Sementara itu, dalam Hindu pun
terdapat lima dewa, disebut Batara Jagat atau Lokapala. Akan tetapi, para dewa
tersebut tidak dianggap tuhan melainkan tunduk kepada Hyang (dewata bakti di
Hyang). Maka dari itu dikatakan, “Sing para dewata kabeh pada bakti ke Batara
Seda Niskala” (Semua dewa tunduk kepada Batara Seda Niskala). Adapun kelima
dewa tersebut adalah :
- Wisnu (utara);
- Isora/Iswara (timur);
- Mahadewa (selatan);
- Bratha (barat);
- Siwa (tengah).
Agama Buddha yang berkembang di
Jawa Barat (dan juga di kerajaan-kerajaan kuno lainnya di Nusantara) adalah
Buddha Mahayana. Pada abad ke-7, Sriwijaya bahkan merupakan pusat studi Buddha
Mahayana di sekitar Asia Timur-Tenggara.
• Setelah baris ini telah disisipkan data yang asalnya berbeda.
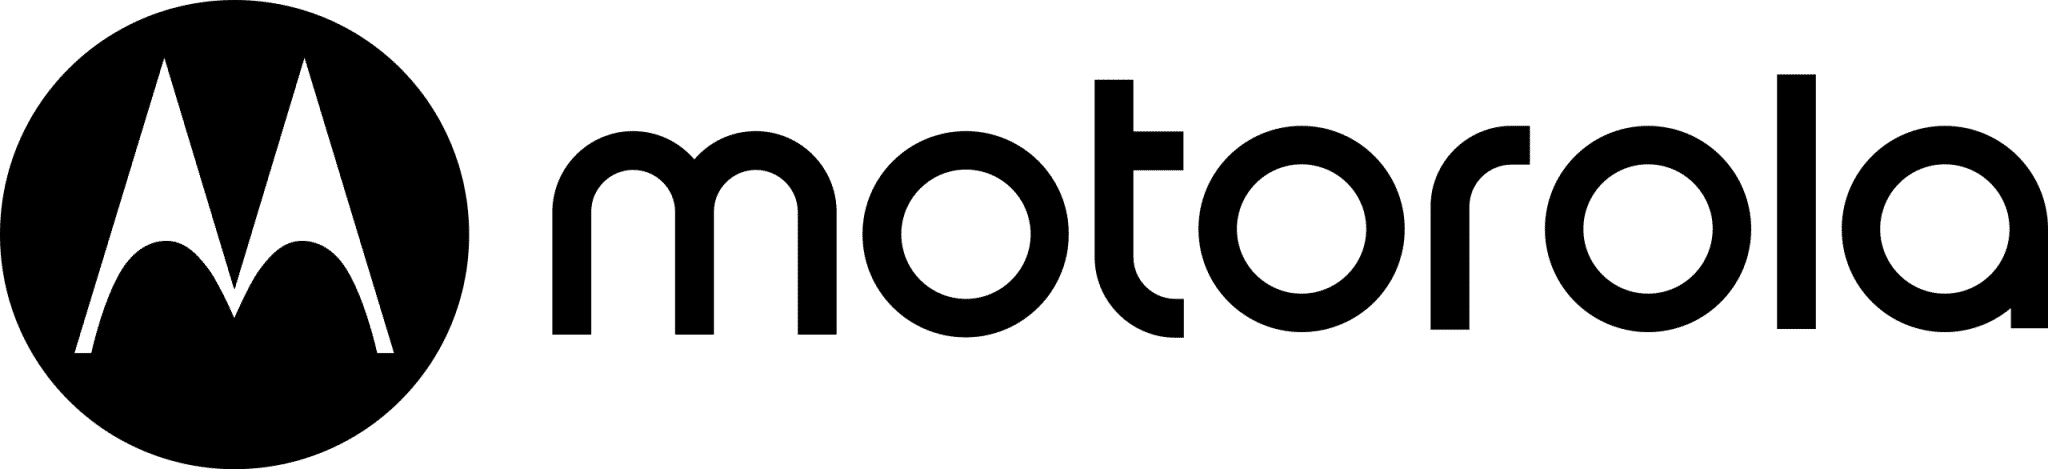 Motorola_new_logo.svg

Mahzab Mahayana ini menitikberatkan
kepada usaha saling membantu antarpengikutnya dalam mencapai kebebasan jiwa
(nirvana), berbeda dengan Buddha Hinayana yang lebih bersifat individualistis
dalam mencapai nirwana. Aliran Hinayana berkembang di Sri Langka, Burma, dan
Thailand; namun kemudian tak berkembang dan lebih dulu menghilang. Sebaliknya,
aliran Mahayana ini kemudian terpengaruh oleh Hinduisme, yang mengakibatkan
makin menjauhnya ajarannya dari ajaran Siddharta Gautama sendiri.
Dalam Buddha Mahayana akhirnya
mengenal pendewaan atas diri Buddha dan Bodhisatwa, surga dalam artian tempat,
bhaktimarga (jalan bakti), dan dewa-dewa lainnya yang patut disembah.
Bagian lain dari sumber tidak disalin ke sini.